3. (15-20) Meditazione di Paolo sulla persona e sull’opera di Gesù.

Egli è l’immagine dell’invisibile Dio, il primogenito di ogni creatura, poiché in lui sono state create tutte le cose, quelle che sono nei cieli e quelle che sono sulla terra, le cose visibili e quelle invisibili: troni, signorie, principati e potestà; tutte le cose sono state create per mezzo di lui e in vista di lui. Egli è prima di ogni cosa e tutte le cose sussistono in lui. Egli stesso è il capo del corpo, cioè della chiesa; egli è il principio, il primogenito dai morti, affinché abbia il primato in ogni cosa, perché è piaciuto al Padre di far abitare in lui tutta la pienezza, e, avendo fatta la pace per mezzo del sangue della sua croce, di riconciliare a sé, per mezzo di lui, tutte le cose, tanto quelle che sono sulla terra come quelle che sono nei cieli.

a. Egli è: Paolo inizia ringraziando il Padre per il Suo piano di redenzione (Colossesi 1:12). Non può farlo senza ringraziare anche il Figlio, il grande Redentore.

i. Molti studiosi pensano che Colossesi 1:15-20 provenga da una poesia o da un inno della chiesa primitiva, che descrive ciò che i Cristiani credevano riguardo a Gesù. Questo è sicuramente possibile, ma non è dimostrabile in alcun modo.

b. Egli è l’immagine dell’invisibile Dio: La parola tradotta in immagine (dal termine in greco antico eikon) esprimeva due concetti.

·Somiglianza, come l’immagine su una moneta o il riflesso in uno specchio.

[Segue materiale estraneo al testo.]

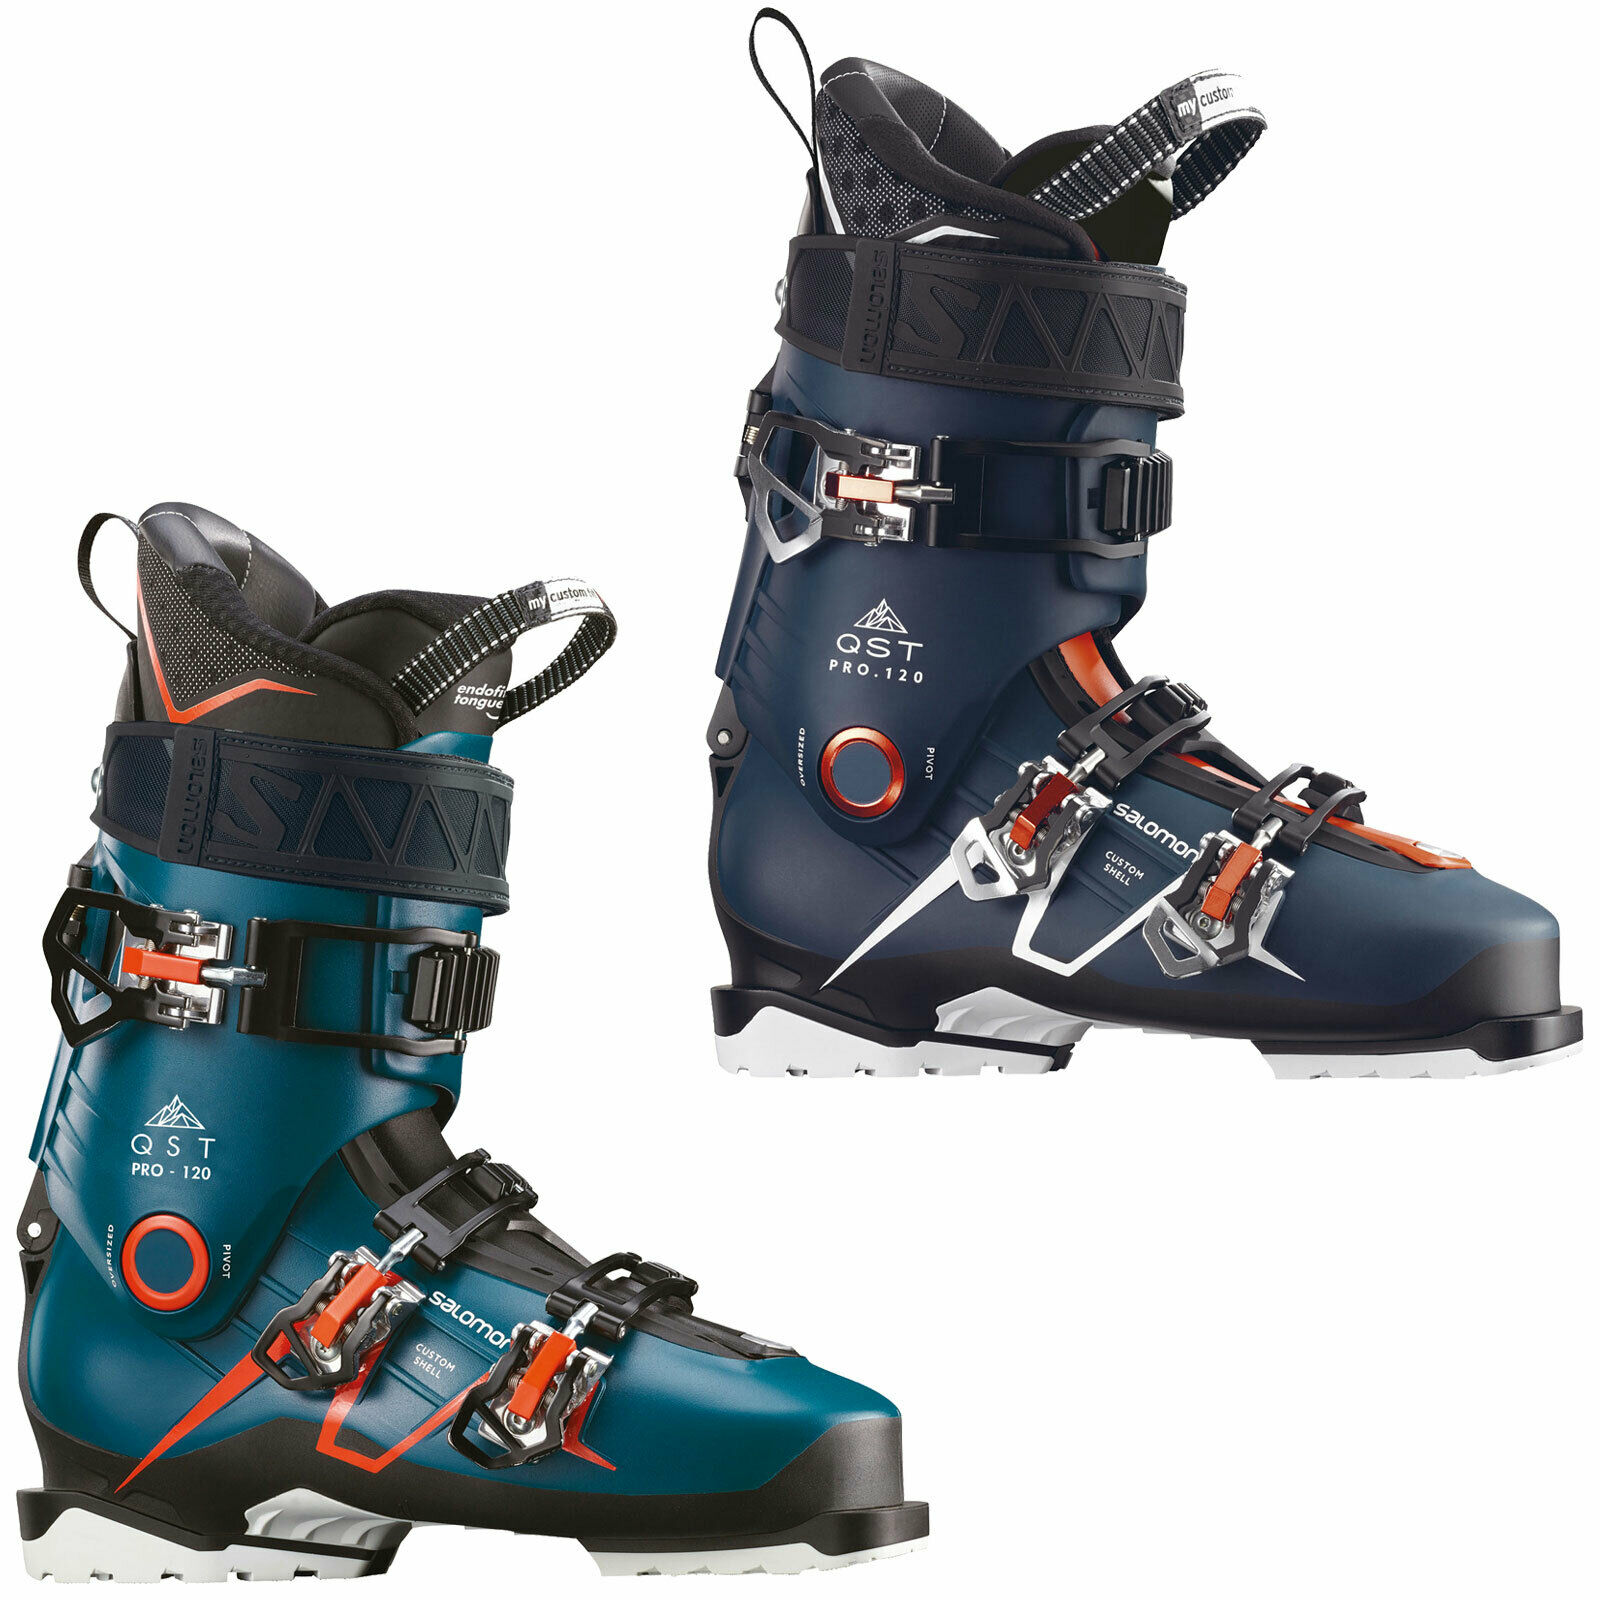 Salomon Qst pro 120 Men's Ski Boots Shoes Skiboot all Mountain Piste New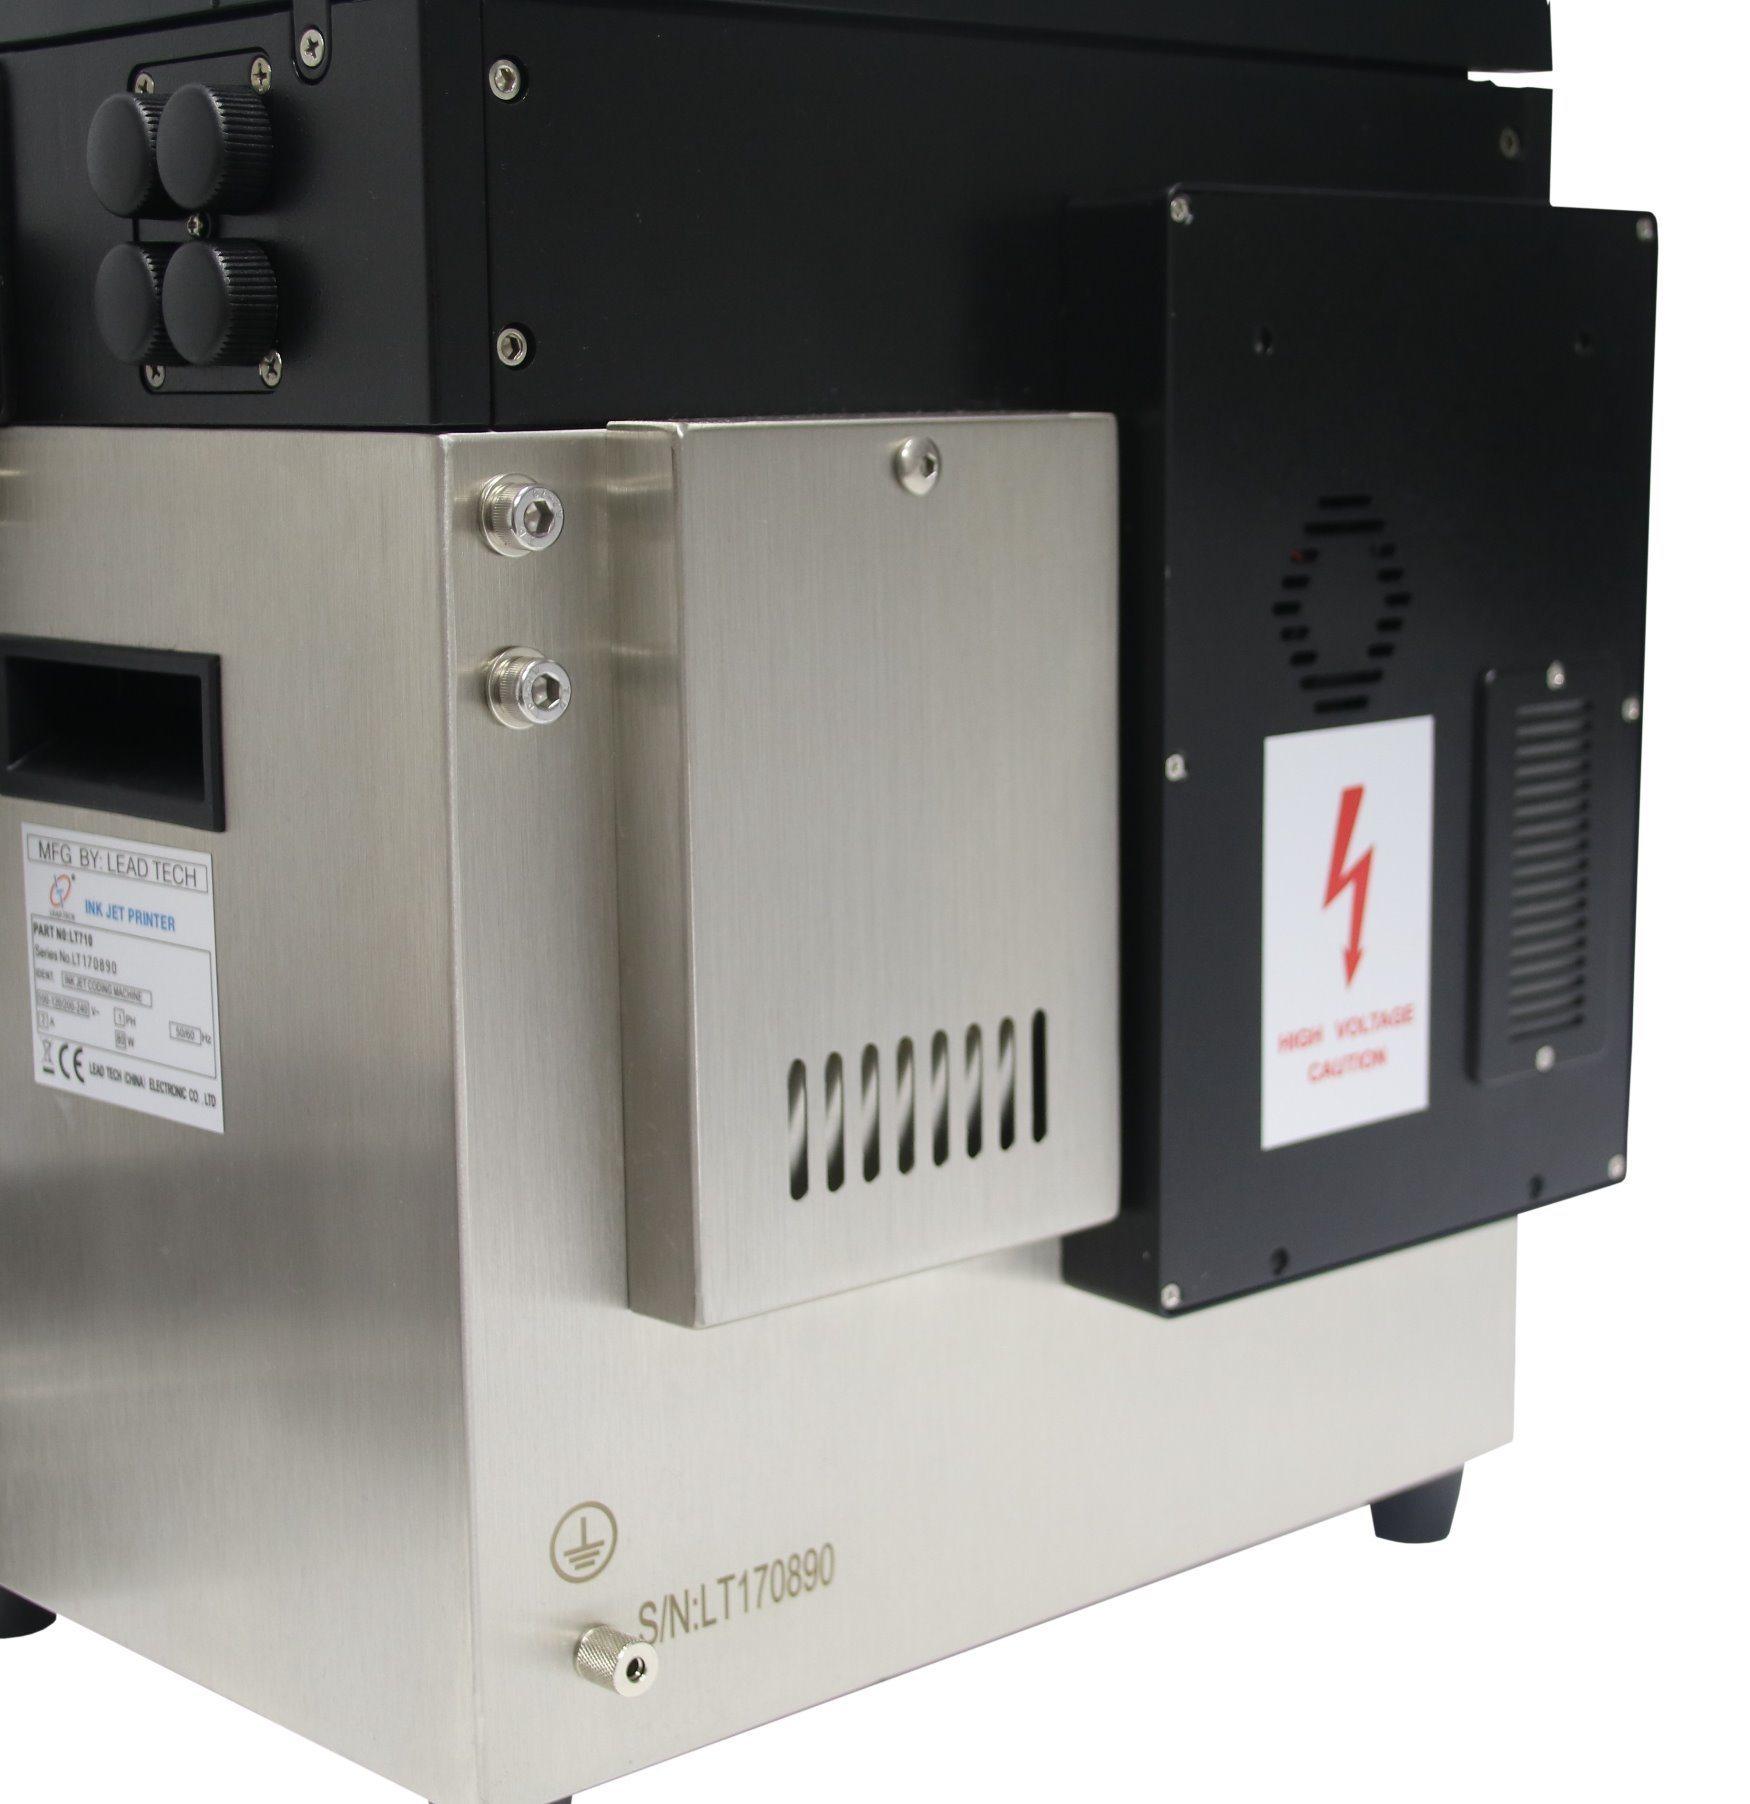 Lead Tech Black to Blue Coding Continuous Cij Inkjet Printer Lt760

·Manifestazione, nel senso che Dio è pienamente rivelato in Gesù.

i. Se Paolo avesse voluto dire che Gesù era soltanto simile al Padre, avrebbe usato il termine in greco antico homoioma, che comunica l’idea di semplice somiglianza. La parola più forte utilizzata da Paolo dimostra che egli sapeva che Gesù è Dio, così come Dio Padre è Dio. Significa che “Gesù è l’impronta di Dio Padre” (Robertson).

ii. “Dio è invisibile, il che non vuol dire semplicemente che Egli non si possa vedere con gli occhi fisici, ma indica la Sua imperscrutabilità. Il Dio imperscrutabile viene rivelato nel Cristo esaltato.” (Peake)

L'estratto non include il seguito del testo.